7.3 Creating a web administrator​

If no web administrator exists, the wizard asks whether to create one (manual §5.2.3.3, §5.3.3.3).

1. Select Yes > Enter.
2. Enter the user name.
3. Enter the password twice.
4. Select OK > Enter.
5. Press Enter to close the confirmation message.
note

A web administrator is required to use the web interface. The first web administrator created automatically becomes the Feed Import Owner (see manual §7.2.1.10).

The user name may contain only alphanumeric characters and the dash, underscore, and full stop. The password may use any characters and be at most 30 characters long. When using special characters, make sure they are available on all keyboards and supported by all client software and operating systems — copy-pasting special characters can produce invalid passwords depending on those factors.

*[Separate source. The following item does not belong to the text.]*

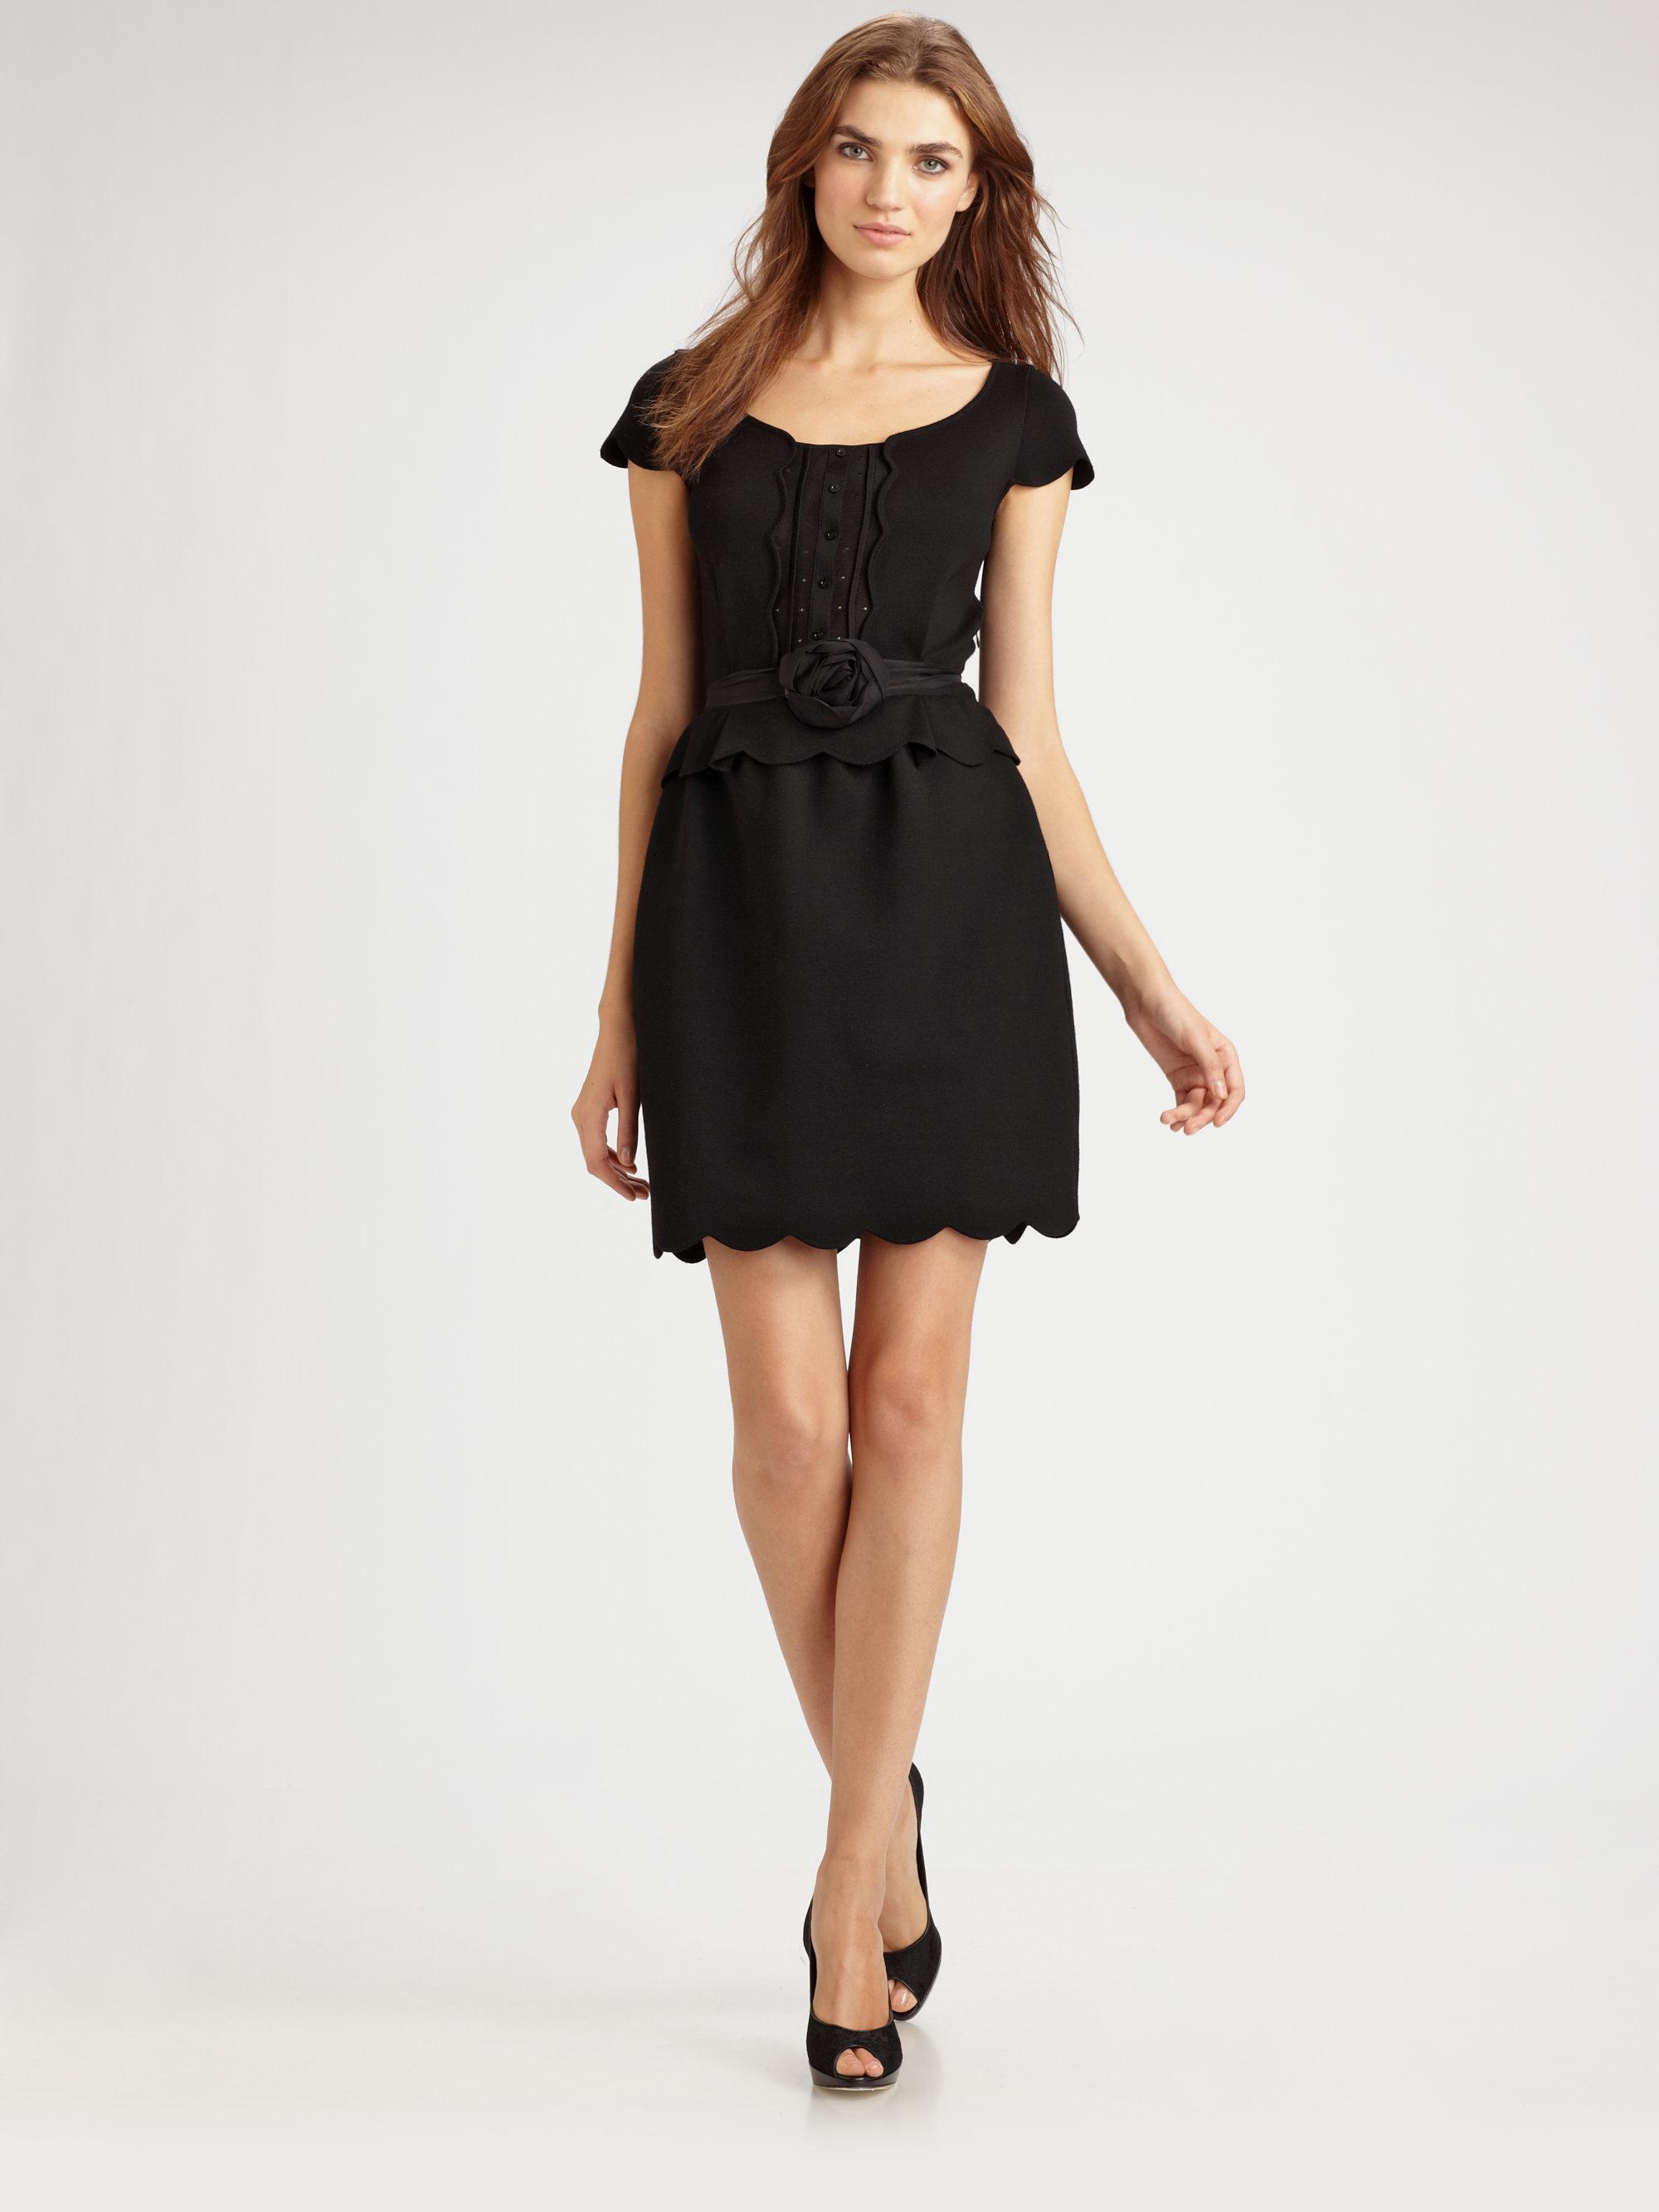 dior short dresses - photo #16

7.4 Entering the Greenbone Enterprise Feed subscription key​

Without a valid subscription key the appliance uses only the public Greenbone Community Feed, not the Greenbone Enterprise Feed (manual §5.2.3.4, §5.3.3.4).

note

A newly delivered appliance already has a key pre-installed, so this step is not needed on delivery.

Using the editor:
1. Select Editor > Enter.
2. Enter the subscription key.
3. Press Ctrl+S to save.
4. Press Ctrl+X to close the editor.

Using HTTP upload:
1. Select HTTP Upload > Enter.
2. Open the displayed URL in a web browser.
3. Click "Browse...", select the subscription key, then click Upload.

7.5 Downloading the feed​

If no feed is present yet, download it (manual §5.2.3.5, §5.3.3.5).

1. Select Yes > Enter.
A message confirms the feed update started in the background.
2. Press Enter to close the message.

7.6 Finishing the wizard​

After the last step a status check runs (manual §5.2.3.6, §5.3.3.6).

1. When the check finishes, press Enter to see the results.
2. Press Enter again.

The GOS administration menu is then ready for use (see manual §7). If any steps were left unfinished or skipped, the wizard reappears at the next login.

8. Logging into the web interface​

The main interface of the appliance is the web interface, also called the Greenbone Security Assistant (GSA). It is accessed as described in manual §8.1.

note

This step does not apply to the sensor-only models, the Greenbone Enterprise 35 and the Greenbone Enterprise 25V, which have no web interface of their own (manual §5.2.4, §5.3.4).